Entries taken from a collection

....................

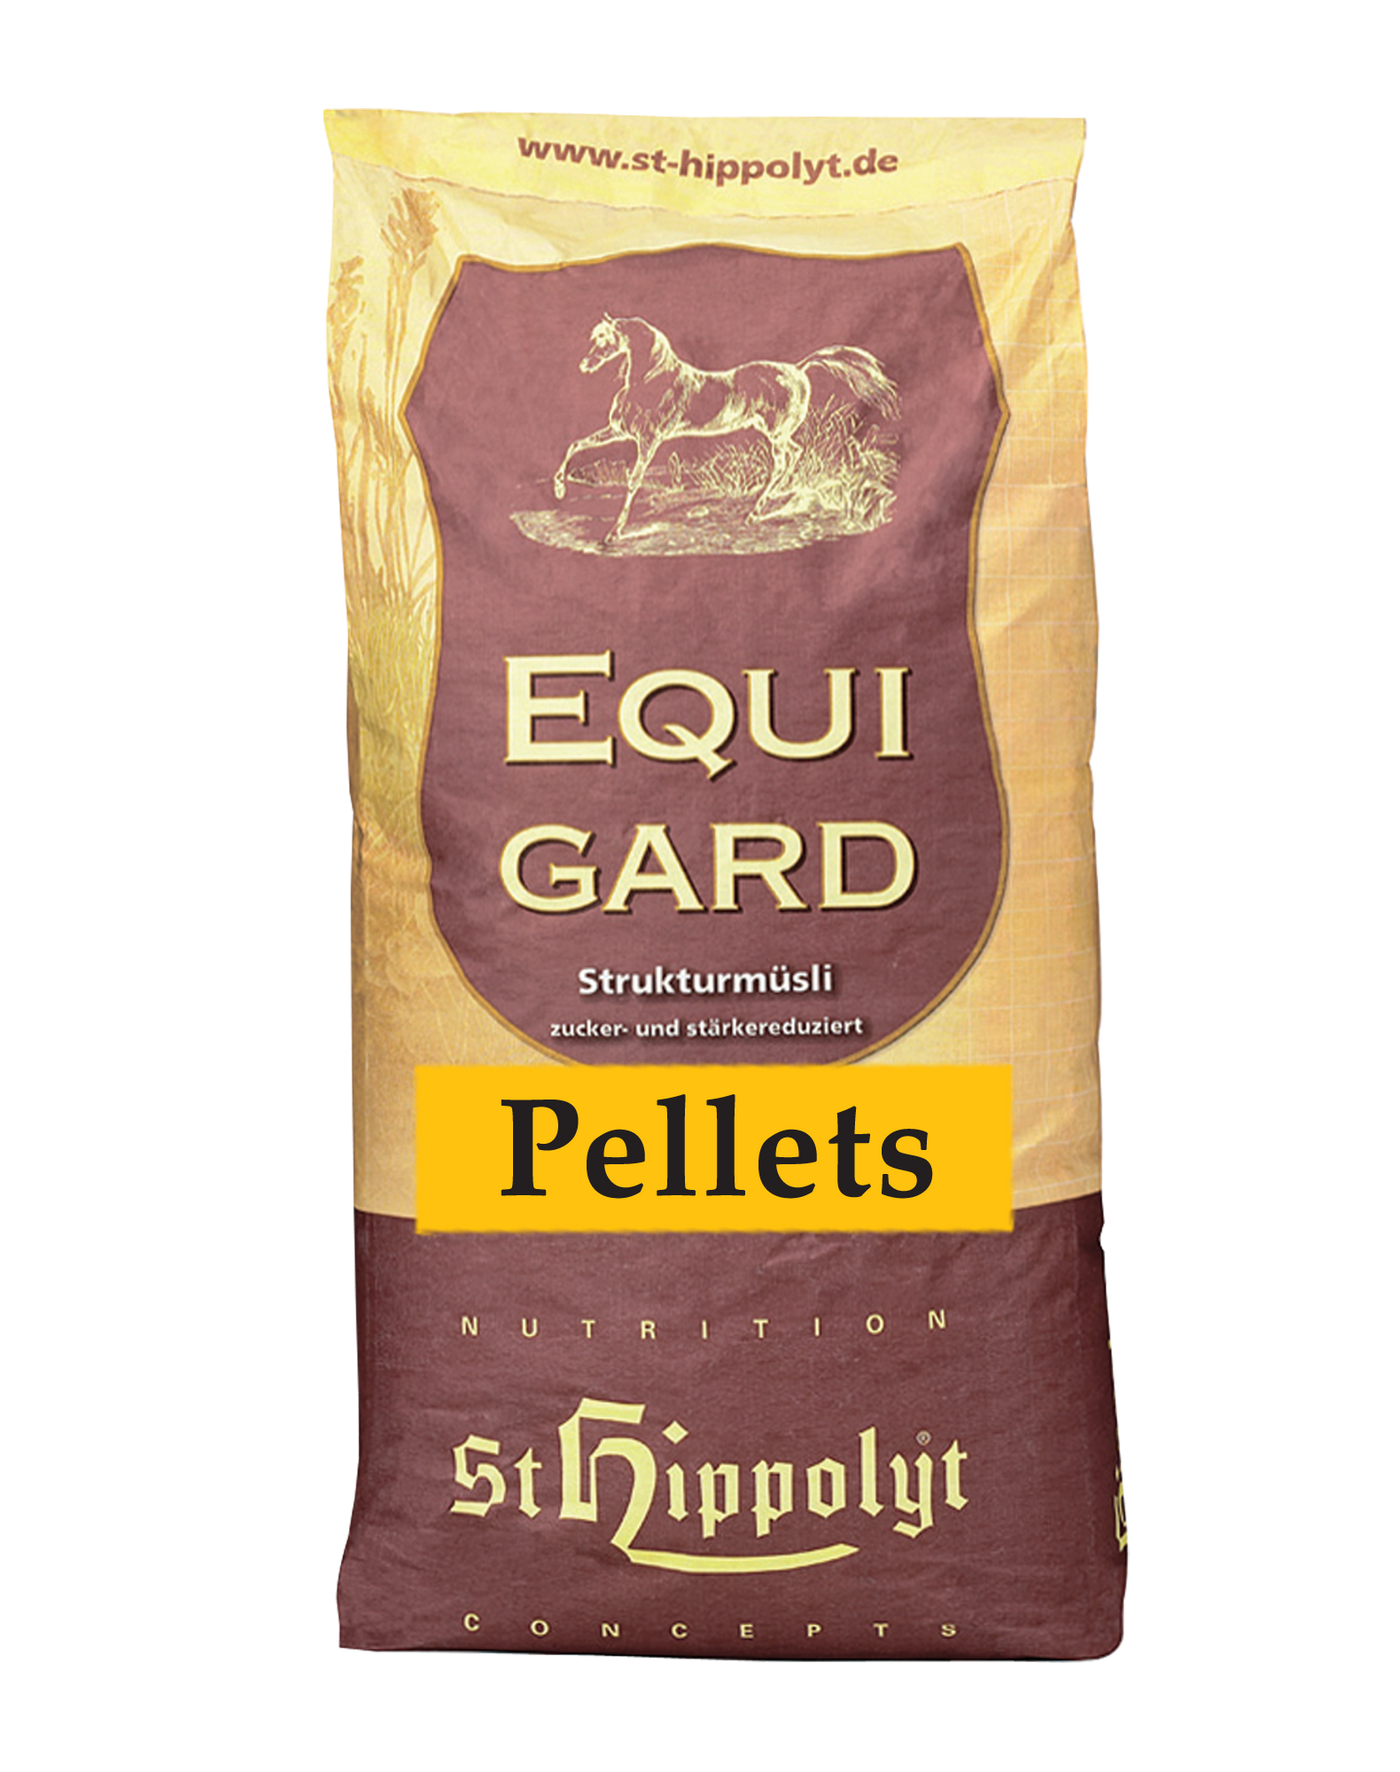 EquiGard Pellets
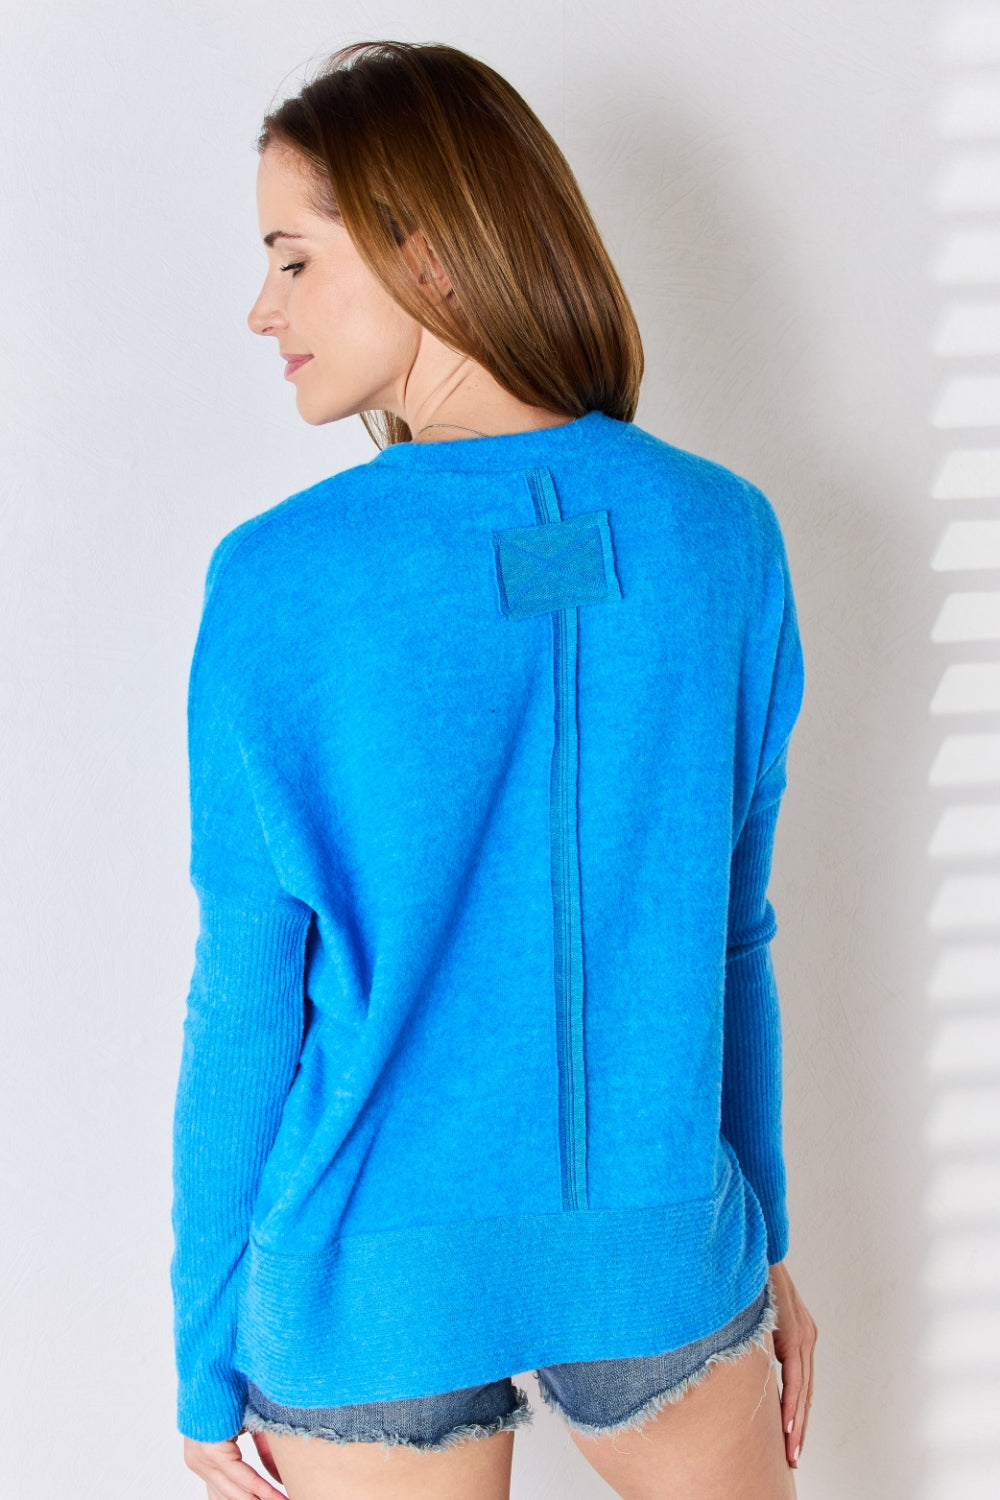 Brushed Melange Hacci Dolman Sleeve Sweater
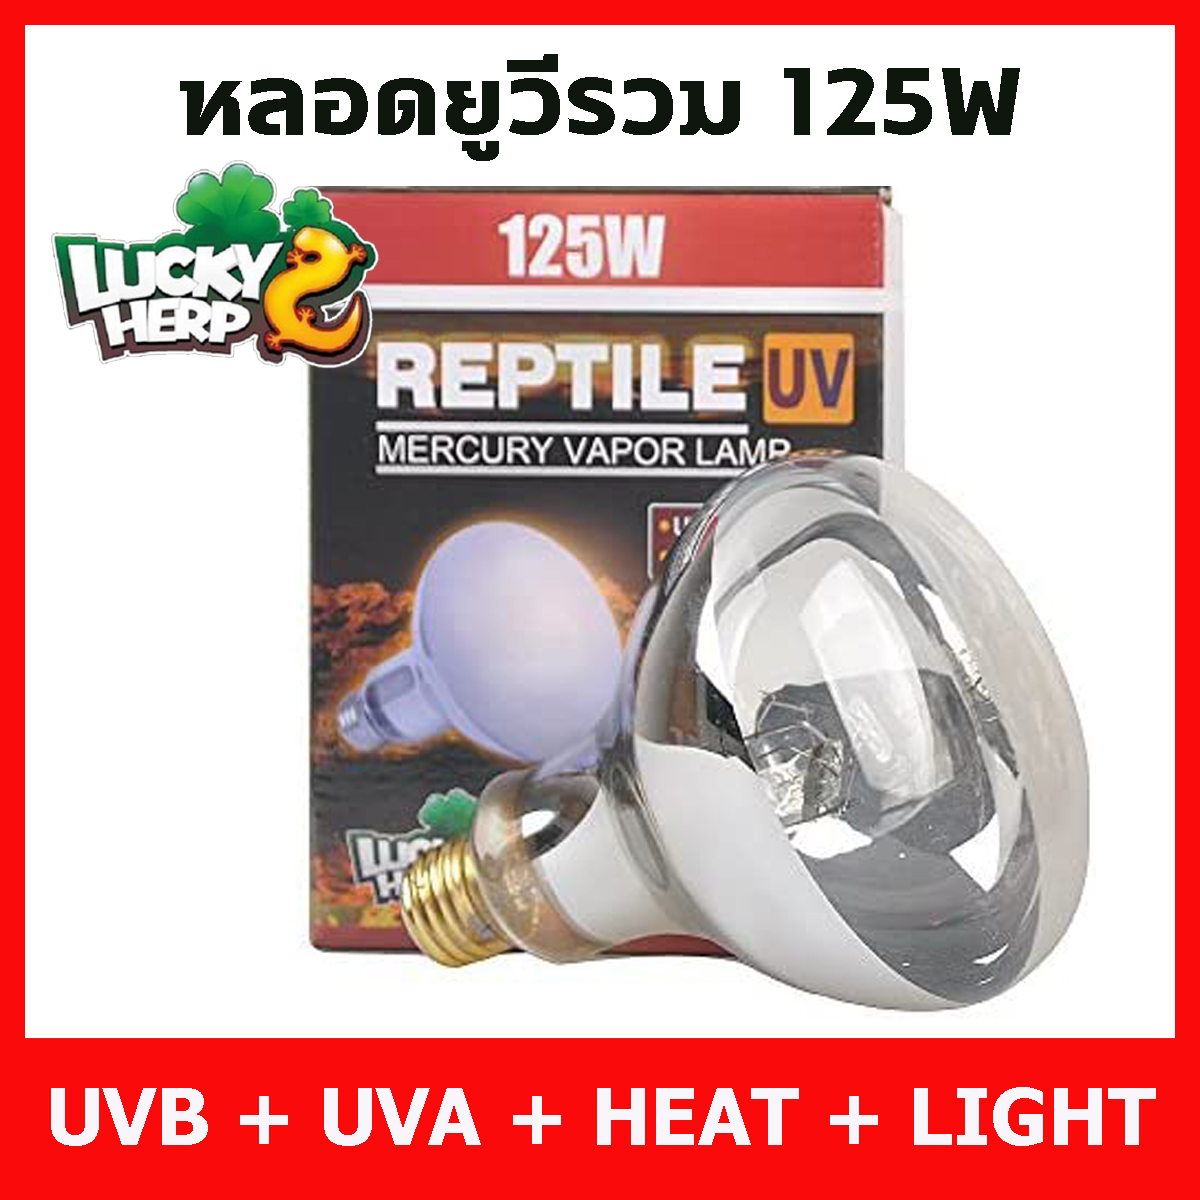 Lucky Herp Reptile UVA UVB Heat Lamp 125W หลอดรวมยูวีและความร้อน ครบทุกอย่างในหลอดเดียว สำหรับสัตว์เลื้อยคลานและสัตว์ชนิดต่างๆที่ต้องการยูวี หลอดไฟ ยูวี
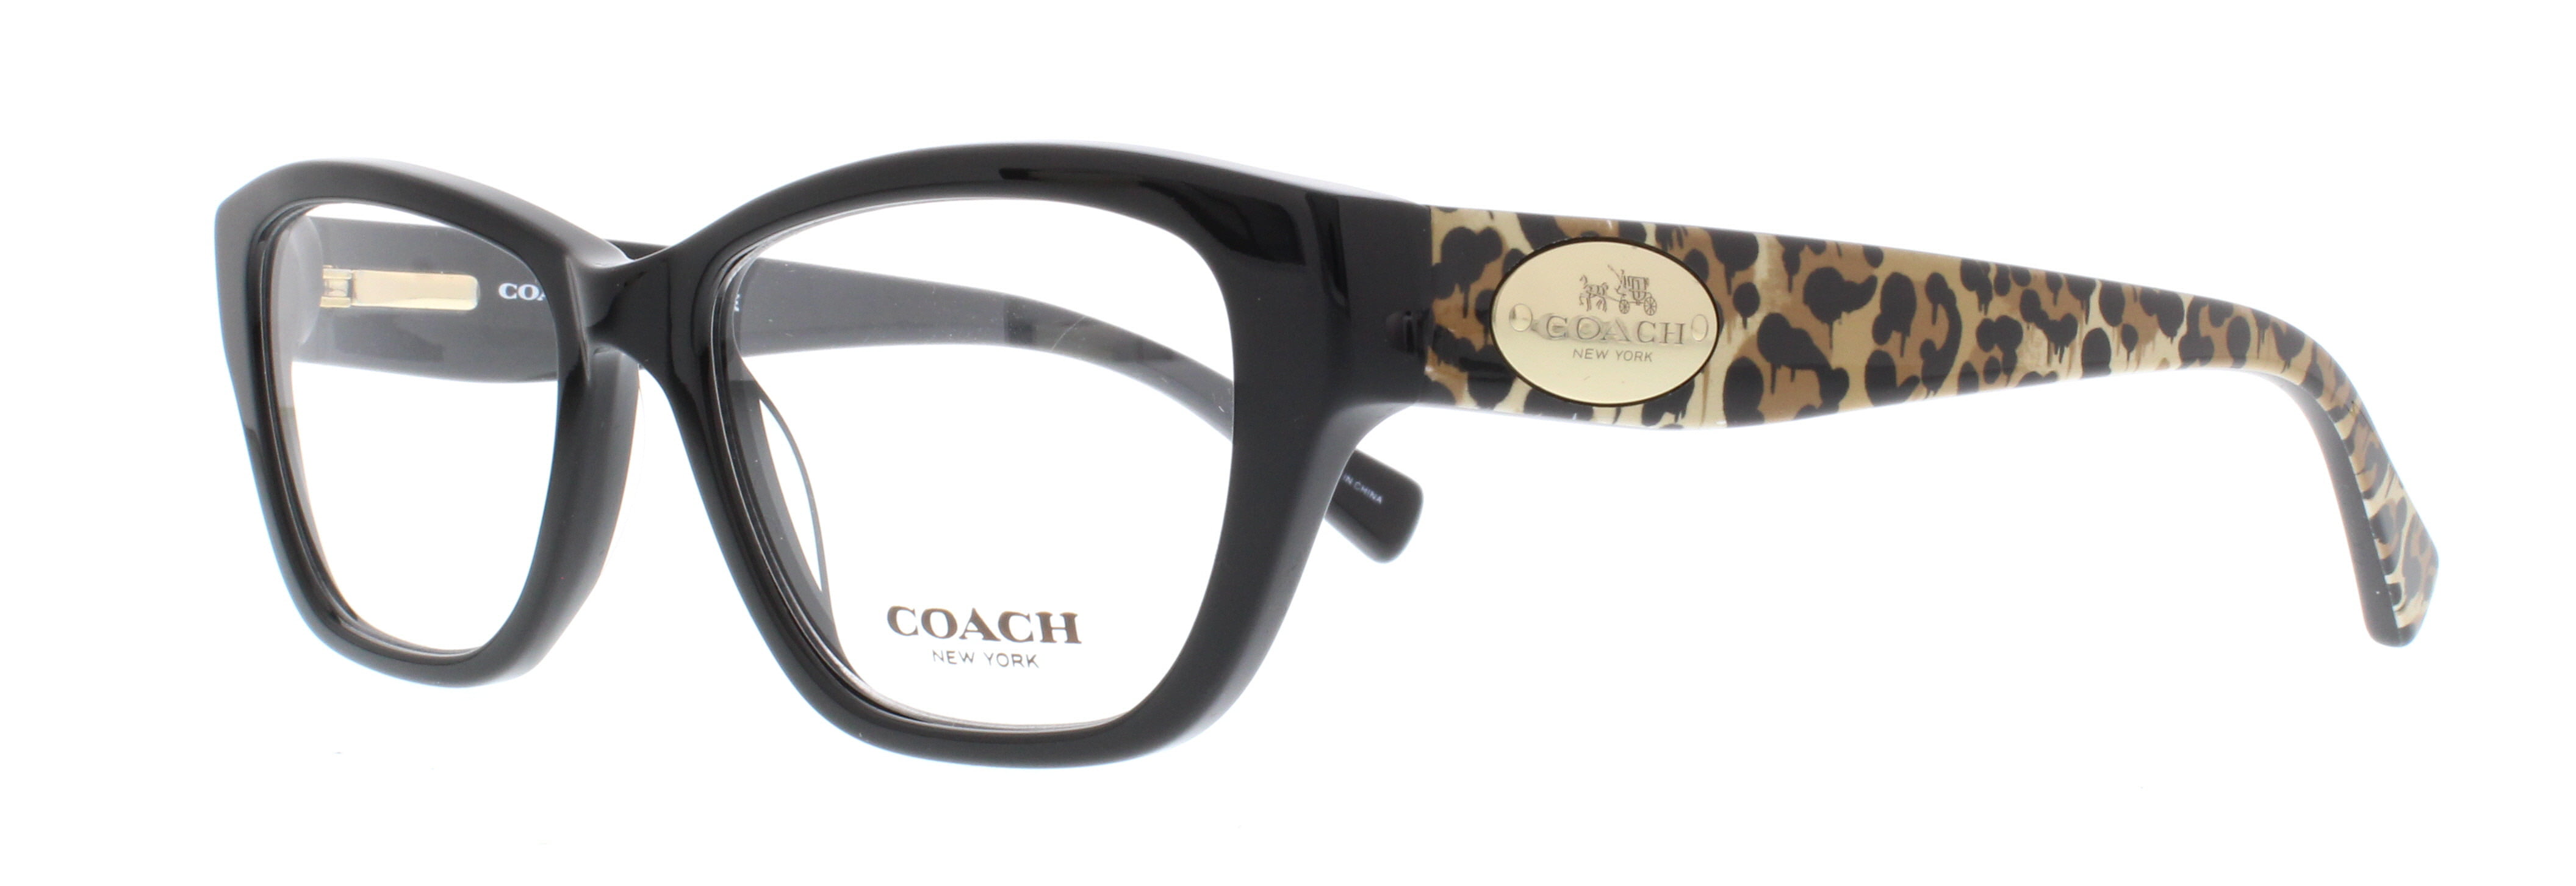 coach lens frames > Purchase - 57%
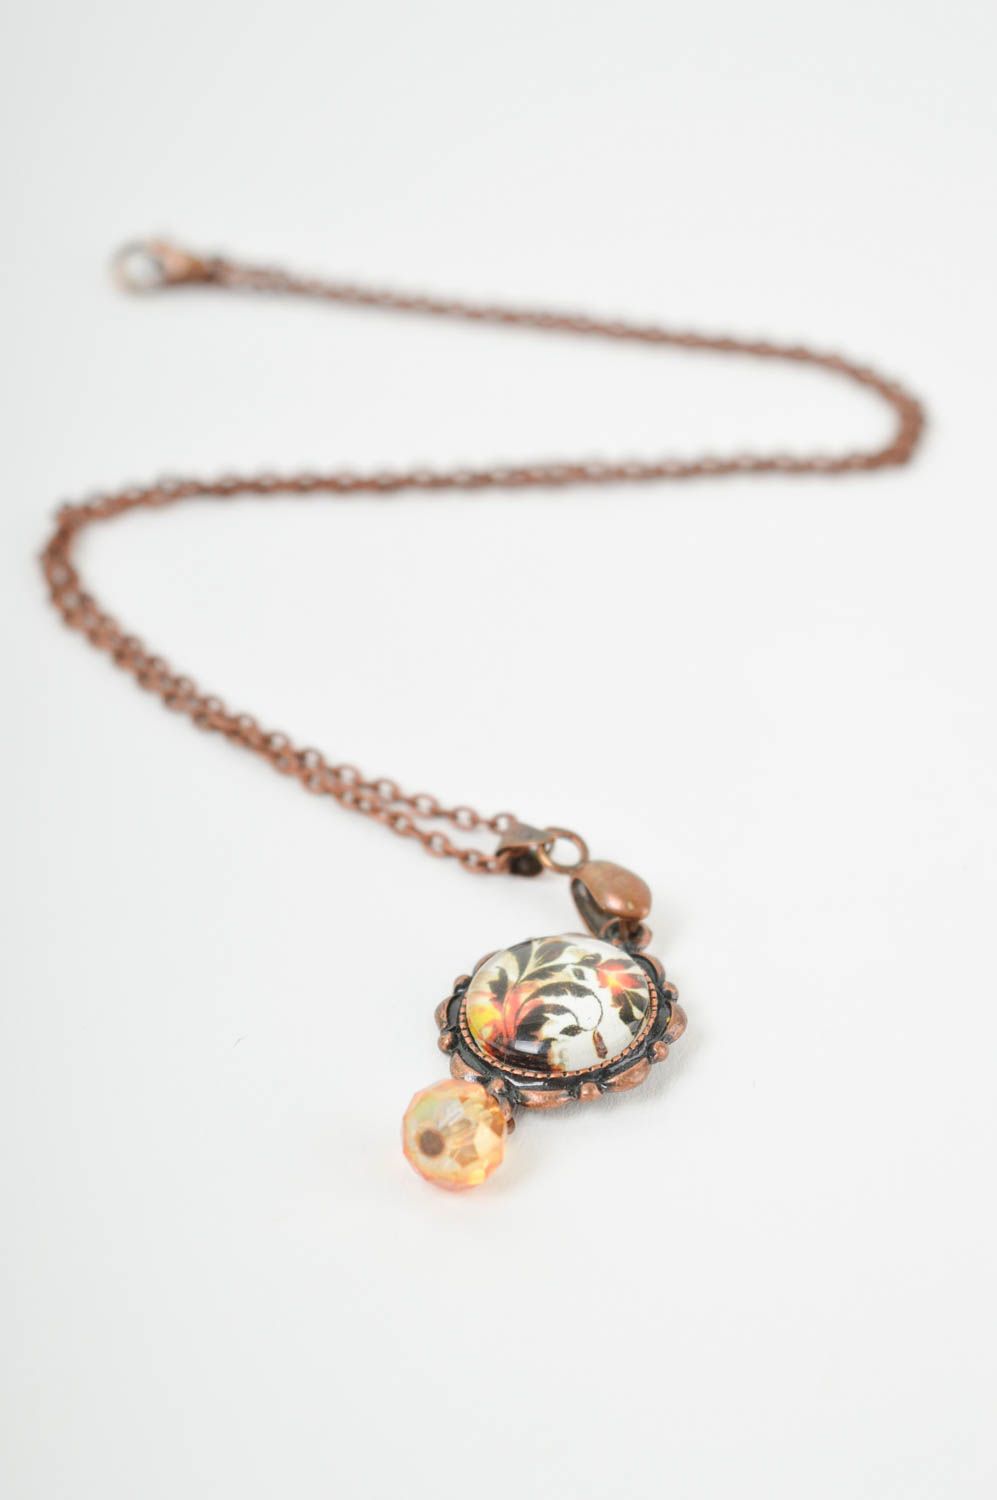 Small handmade beaded pendant metal pendant on chain artisan jewelry designs photo 4
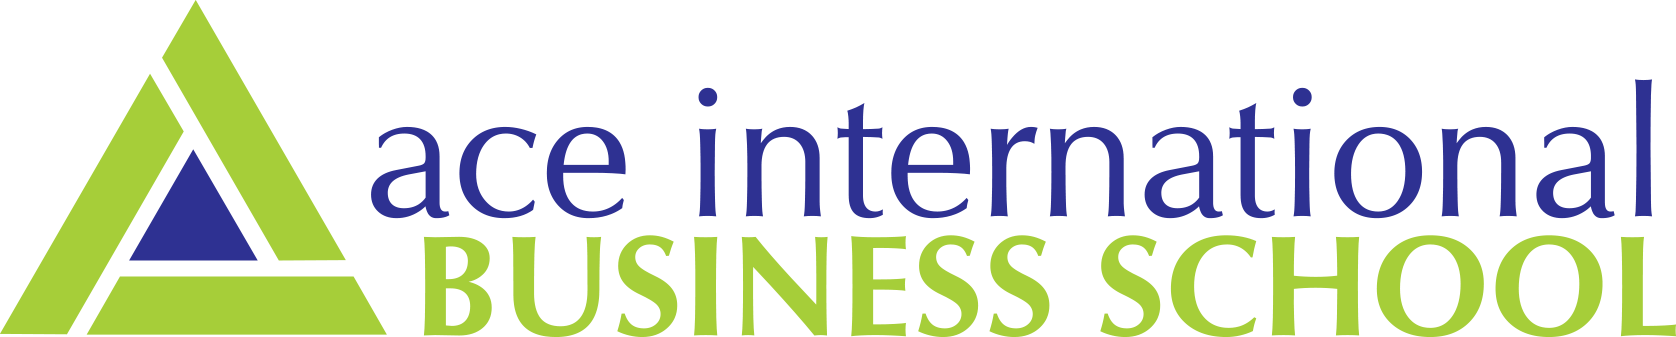 Ace International Business School Logo

....................

> Task details: Pictures aside, retype the entries above exactly as they are.

> Your response:
 EquiGard Pellets
 Brushed Melange Hacci Dolman Sleeve Sweater
 Lucky Herp Reptile UVA UVB Heat Lamp 125W หลอดรวมยูวีและความร้อน ครบทุกอย่างในหลอดเดียว สำหรับสัตว์เลื้อยคลานและสัตว์ชนิดต่างๆที่ต้องการยูวี หลอดไฟ ยูวี
 coach lens frames > Purchase - 57%
 Small handmade beaded pendant metal pendant on chain artisan jewelry designs photo 4
 Ace International Business School Logo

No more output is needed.